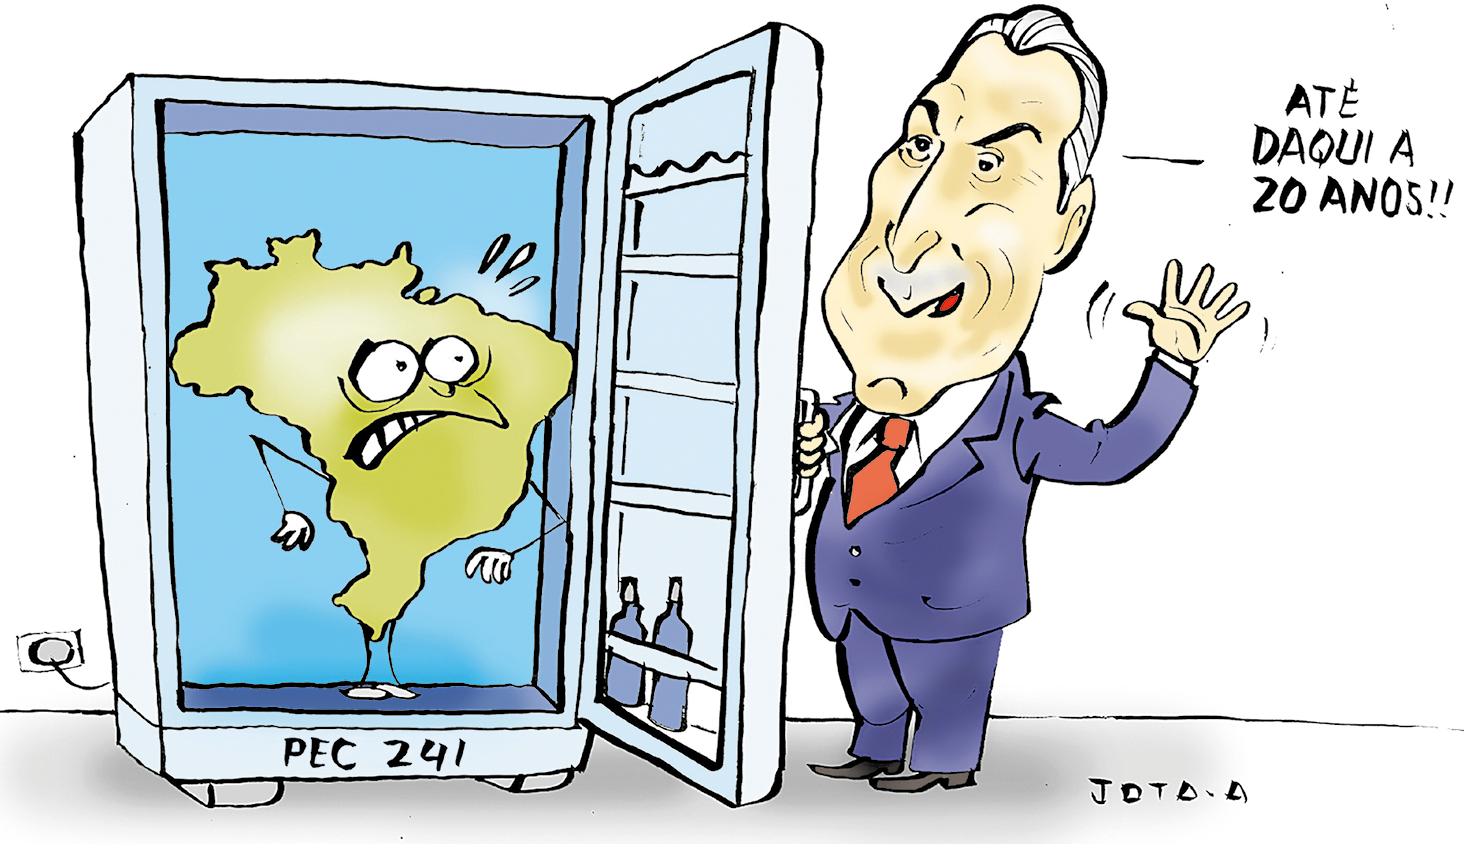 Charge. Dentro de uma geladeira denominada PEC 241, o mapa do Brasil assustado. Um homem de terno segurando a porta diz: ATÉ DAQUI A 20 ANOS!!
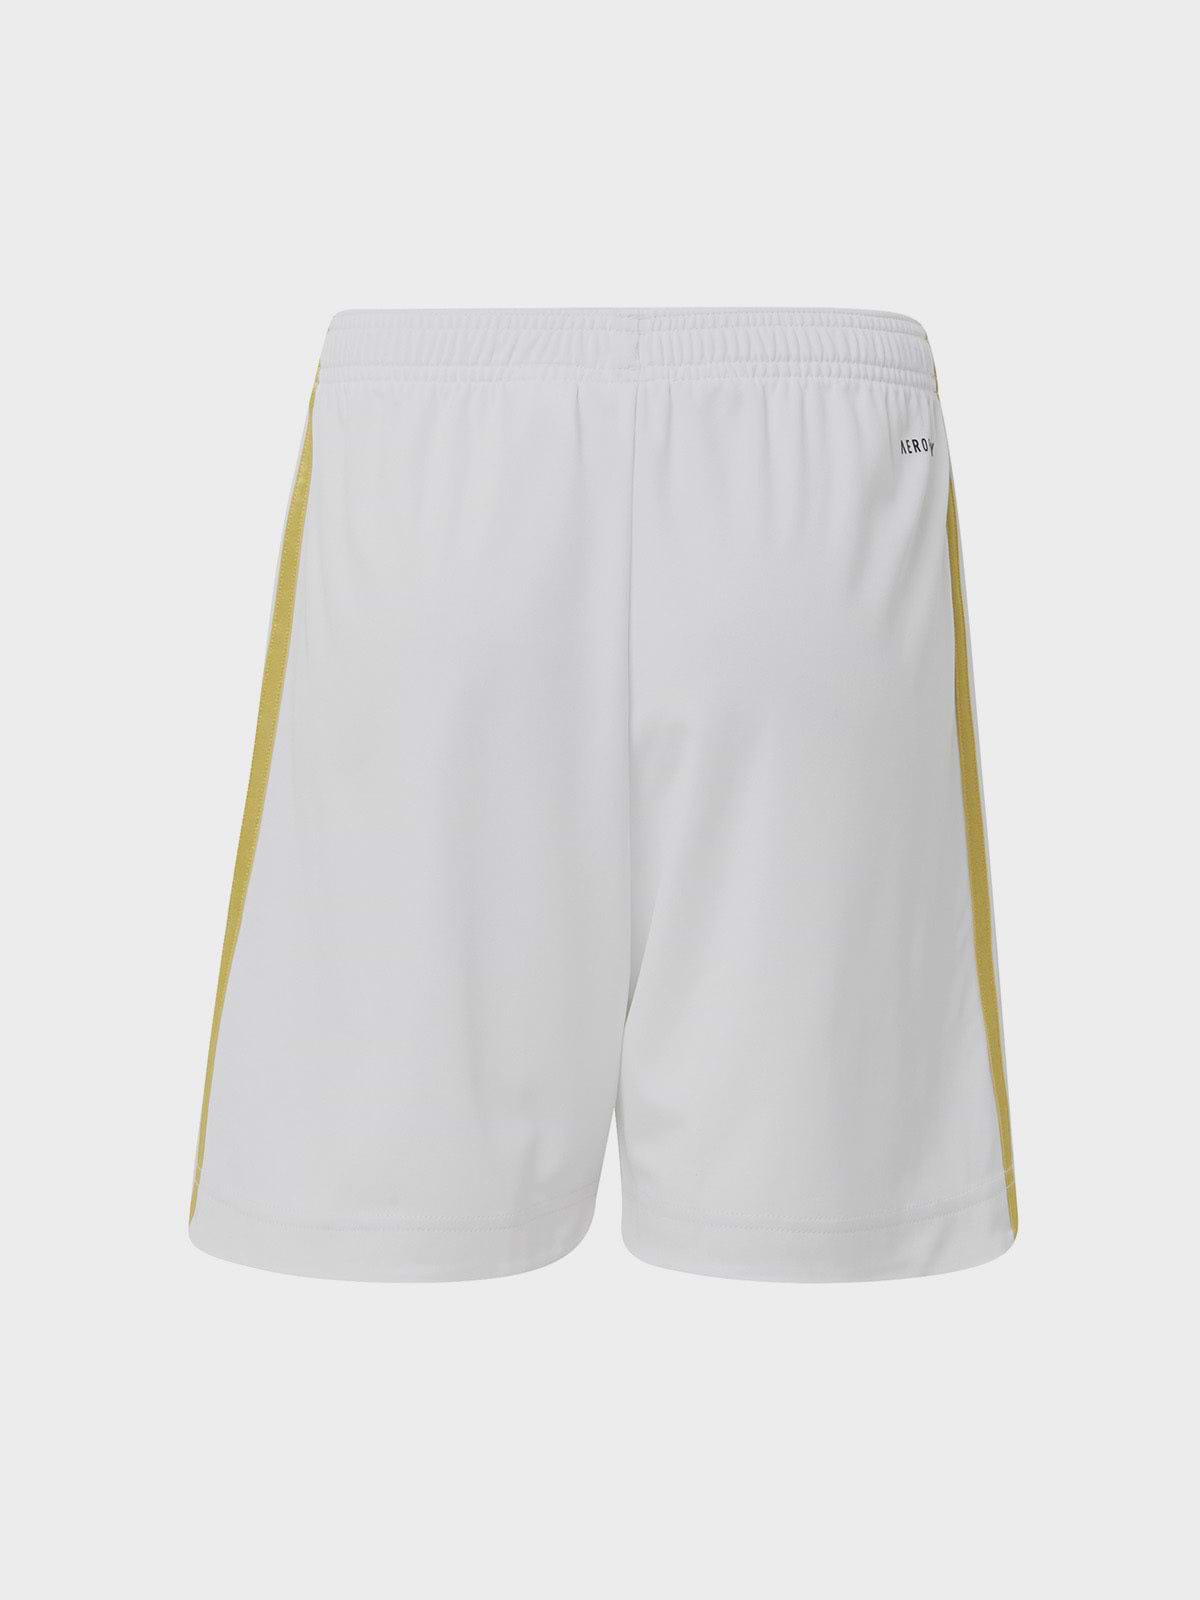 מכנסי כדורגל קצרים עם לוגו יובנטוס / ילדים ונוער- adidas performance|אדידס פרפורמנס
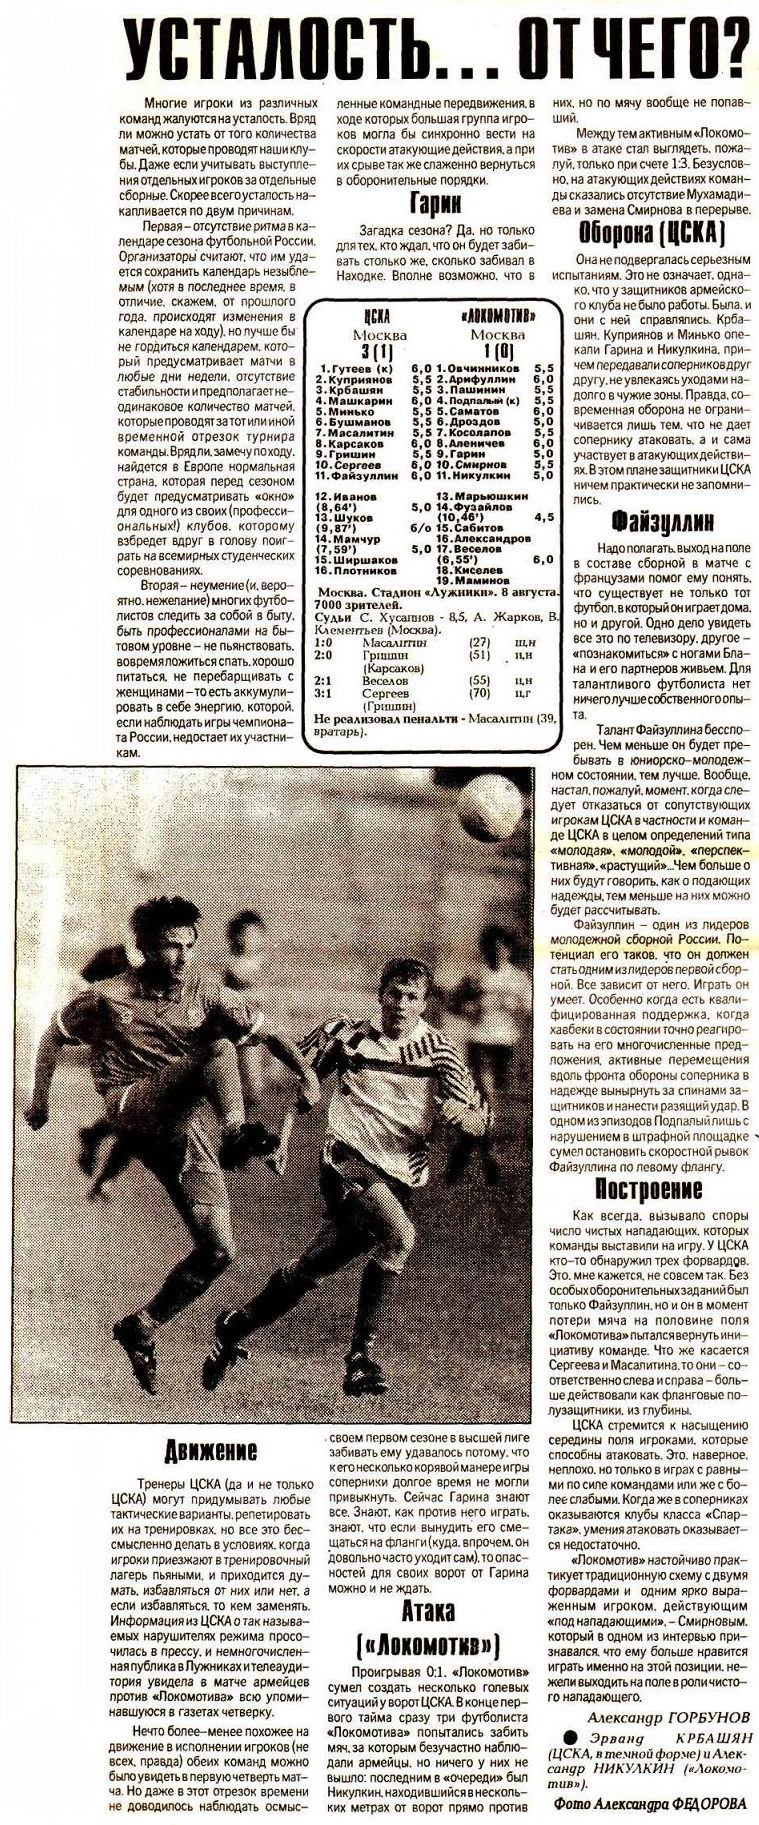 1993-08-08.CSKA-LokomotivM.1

TRY IT:
Each line above should be written out again unchanged; no images are to be carried over.

SOLUTION FOR THIS EXERCISE:
 Charge. Dentro de uma geladeira denominada PEC 241, o mapa do Brasil assustado. Um homem de terno segurando a porta diz: ATÉ DAQUI A 20 ANOS!!
 מכנסי כדורגל קצרים עם לוגו יובנטוס / ילדים ונוער- adidas performance|אדידס פרפורמנס
 1993-08-08.CSKA-LokomotivM.1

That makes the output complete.